■ ACTIVITY ■
With the pictures left out, print exactly the lines below that run from the one containing "Grand Trunk Mozzy" through the one containing "IRS Cyberattack Highlights".

■ PROVIDED DATA ■

##############################

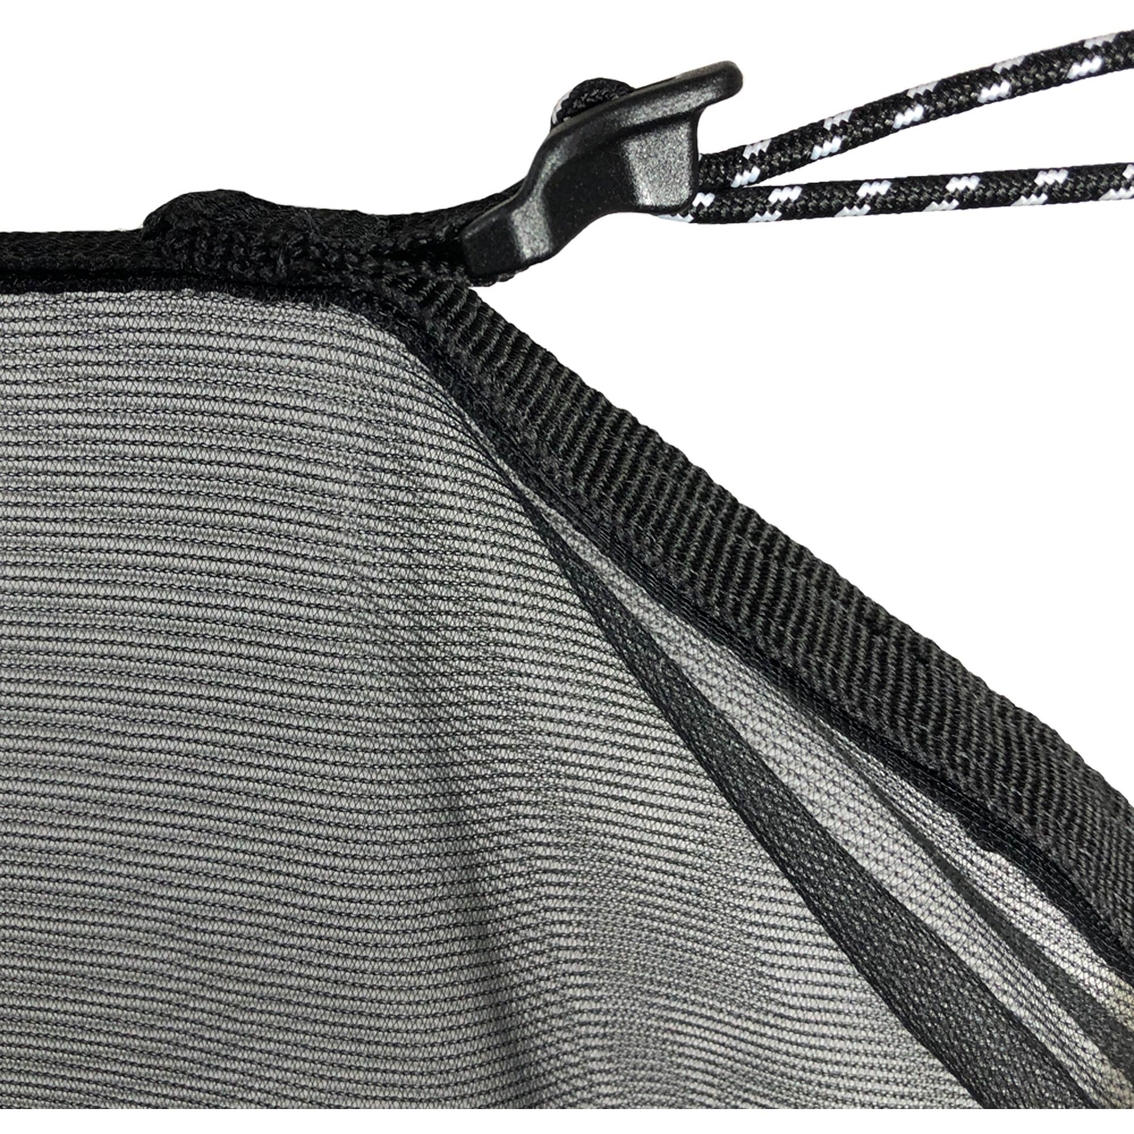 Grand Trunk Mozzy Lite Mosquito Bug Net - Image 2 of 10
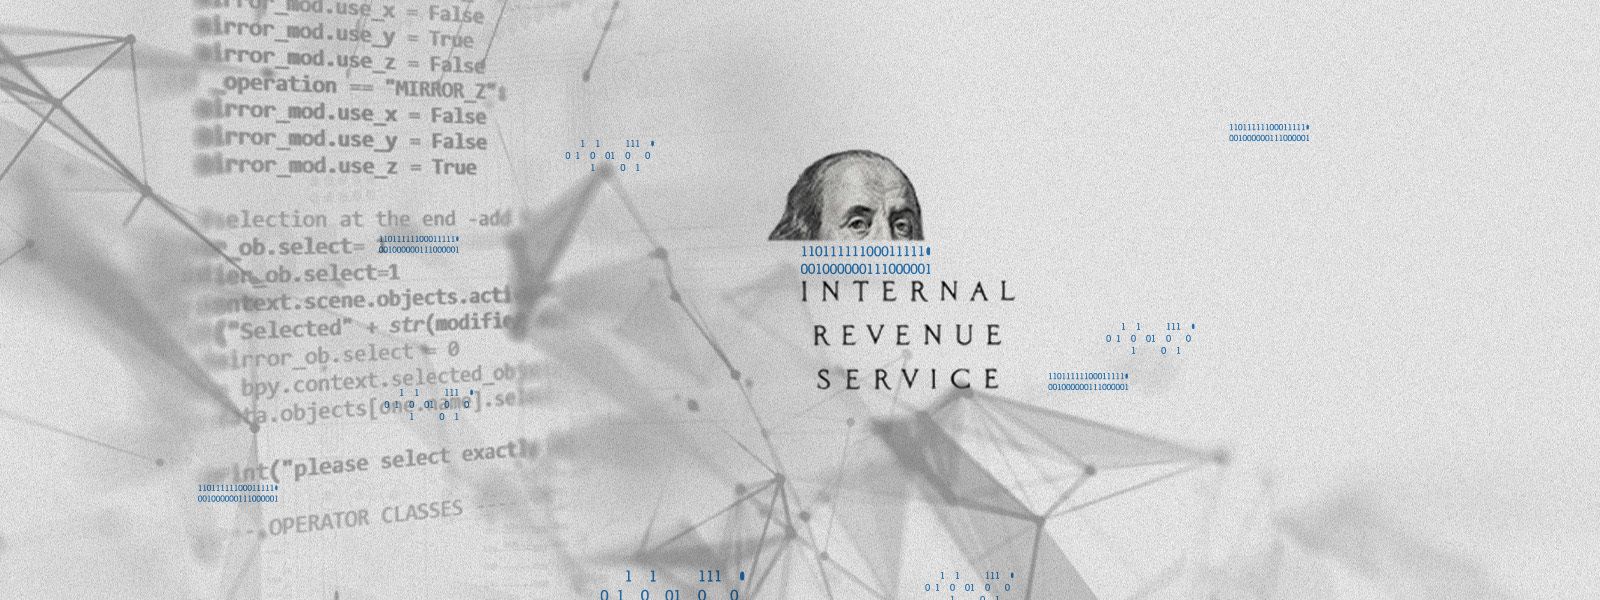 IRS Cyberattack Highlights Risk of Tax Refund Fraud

##############################

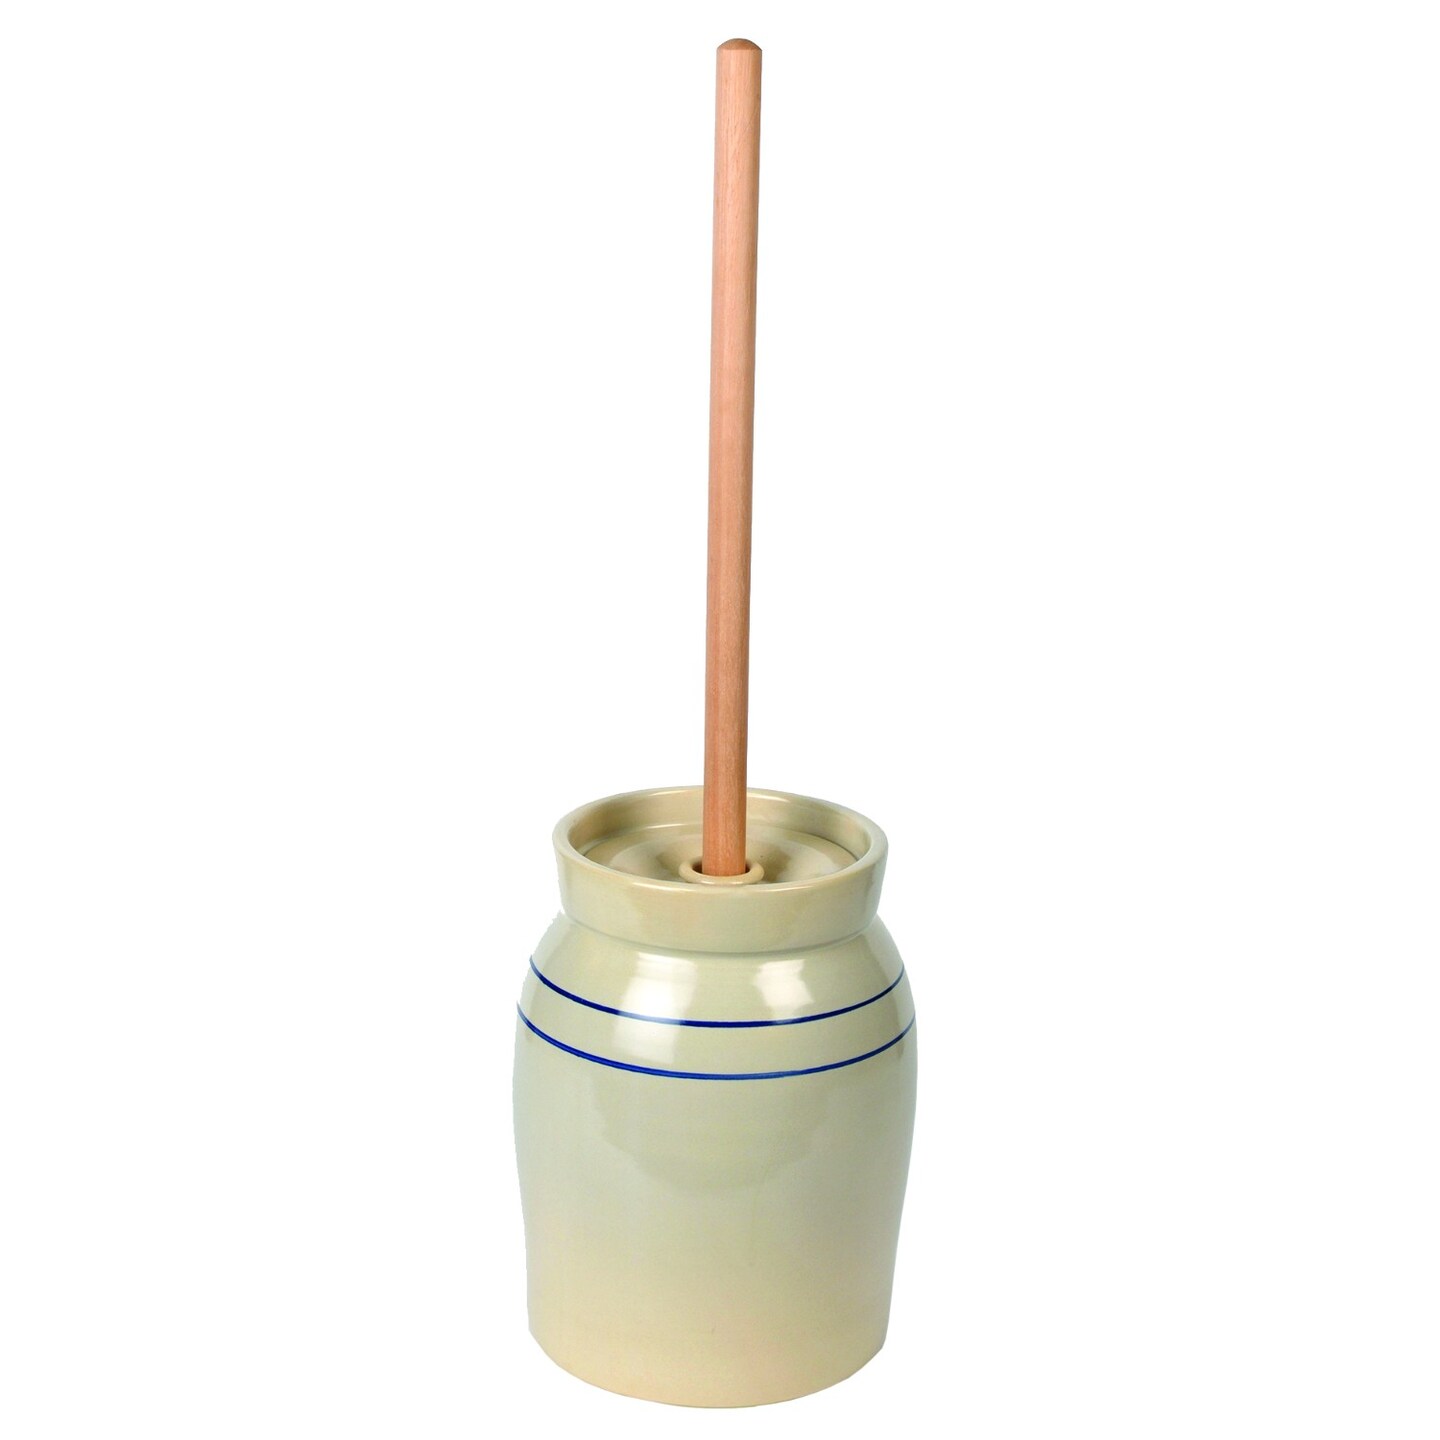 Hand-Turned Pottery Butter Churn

##############################

■ RESPONSE BOX ■
 Grand Trunk Mozzy Lite Mosquito Bug Net - Image 2 of 10
 IRS Cyberattack Highlights Risk of Tax Refund Fraud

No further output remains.